Edinburgh Fringe 2018
Our Man In Havana
Spies Like Us
Genre: Comedy, Physical Theatre, Storytelling, Theatre
Venue: Pleasance Courtyard
Festival: Edinburgh Fringe
Low Down
A superb, slick, physical adaptation of a vacuum cleaner salesman in Cuba inadvertently becoming embroiled in espionage
Review
James Wormold is a British expat in post World War II Havana. A single father, facing a daily uphill struggle to run his vacuum cleaner business, he is unexpectedly employed by the British Government to seek out and report intelligence and also to recruit agents. While his desire to not let down his homeland provides some motivation, more importantly the windfall allowance granted eases his financial difficulties, allowing him to achieve elevated status within the community. He can, furthermore, now provide his daughter with the lifestyle that he would wish her to enjoy. The snag, though, is that he is an ordinary man with no idea about espionage. However, during one of his daily encounters with a German expat, a suggestion is made that will change his life : simply invent intelligence data. Wormold sets about this with hitherto unseen imagination and creativity ; so much so, in fact, that the international community sit up and take heed. His standing with his employers escalates. There is a price to pay of course : suddenly, events and characters, ostensibly created in Wormold’s head, start to become alarmingly real, with a death and assassination attempts.
Spies Like Us adapted Our Man In Havana in this highly stylised, physical work. The five cast members play a multitude of characters, expertly executed with eloquent synchronicity. All five performances are extremely strong…no weak links here. Sometimes physical pieces can be played out to the detriment of the overall story-telling, but Ollie Norton-Smith’s seamless direction ensures that the narrative underpinning Our Man In Havana is never lost. Theatrical ensembles can often fall back upon complicated sets, but this staging is the antithesis of this, the set solely consisting of a case containing a vacuum cleaner ; it is joyously minimalist. Spies Like Us combine to use the various components of the vacuum cleaner as, amongst other items, a razor blade, telephone, radar system, car, bar and, somehow, a dog.
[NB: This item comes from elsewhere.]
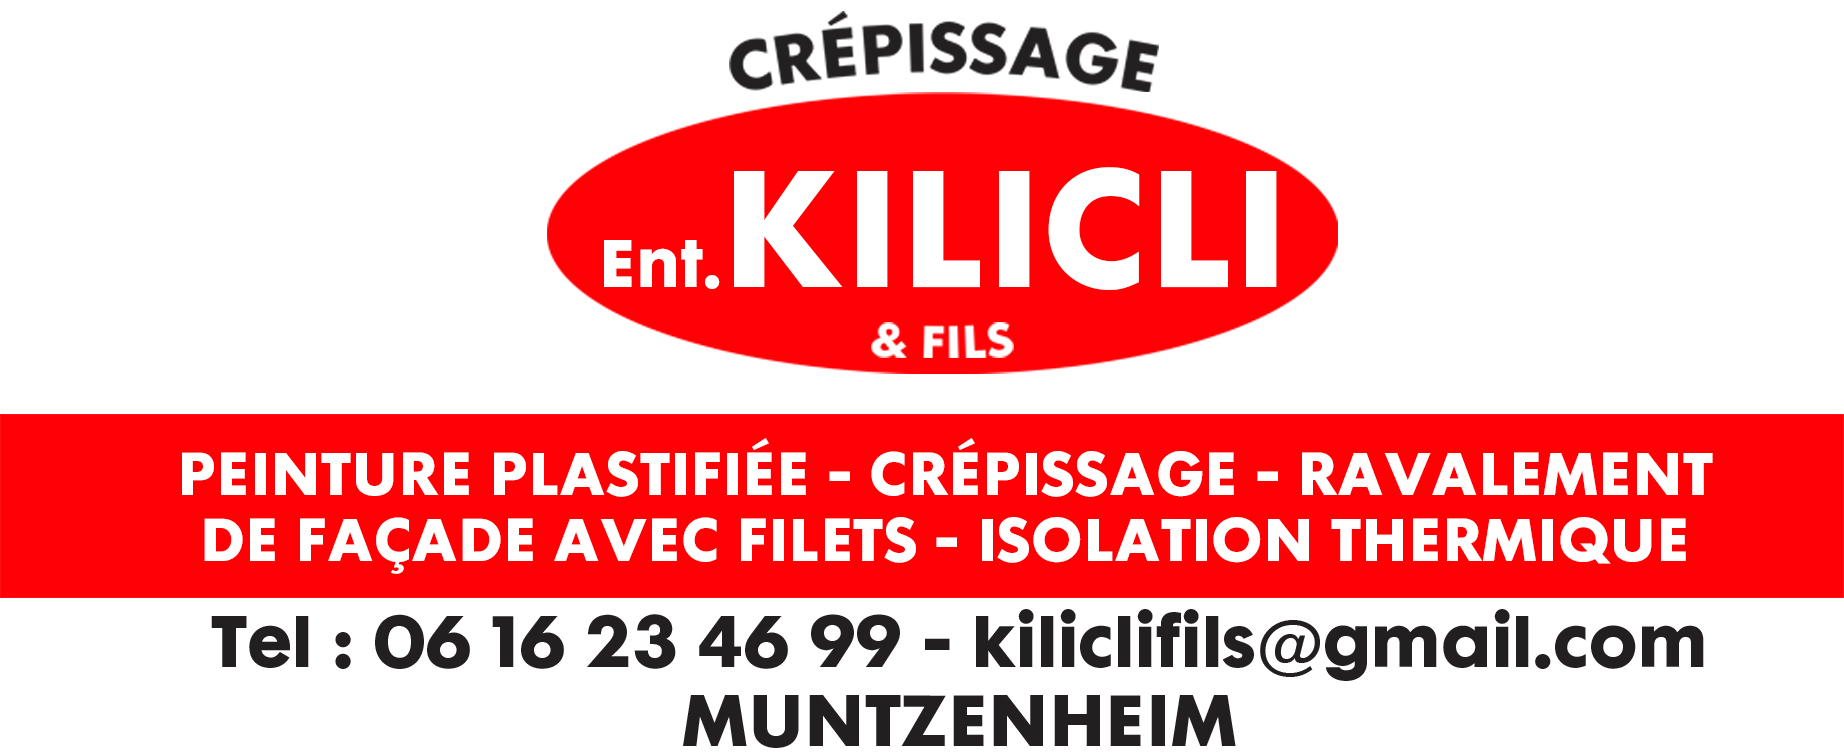 Kilicli Crépissage & Fils

Ingenious. The audience are engulfed in a seductive depiction of sultry Cuba and the pace is unrelenting. The cast’s collective movement is visually beautiful, a huge credit to Dance Choreographer Zak Nemorin. It is all truly impressive.
Throughout history, individuals find themselves coerced or controlled by states. They are subjected to a variety of incentives, be it threats, financial or appeals to nationalism. Wormold is the everyman, albeit anti-hero, who manages, against all odds, to turn the tables on Government, providing a little victory for the underdog. Greene wrote this tale before the Cuban missile crisis, which briefly threatened to provoke World War III. He alludes to the dangers of misinformation in this dark comedy, half a century or more before the phrase ‘fake news’ was conceived ; he was undoubtedly ahead of his time.
This is superb, engaging and entertaining physical theatre which is unreservedly recommended.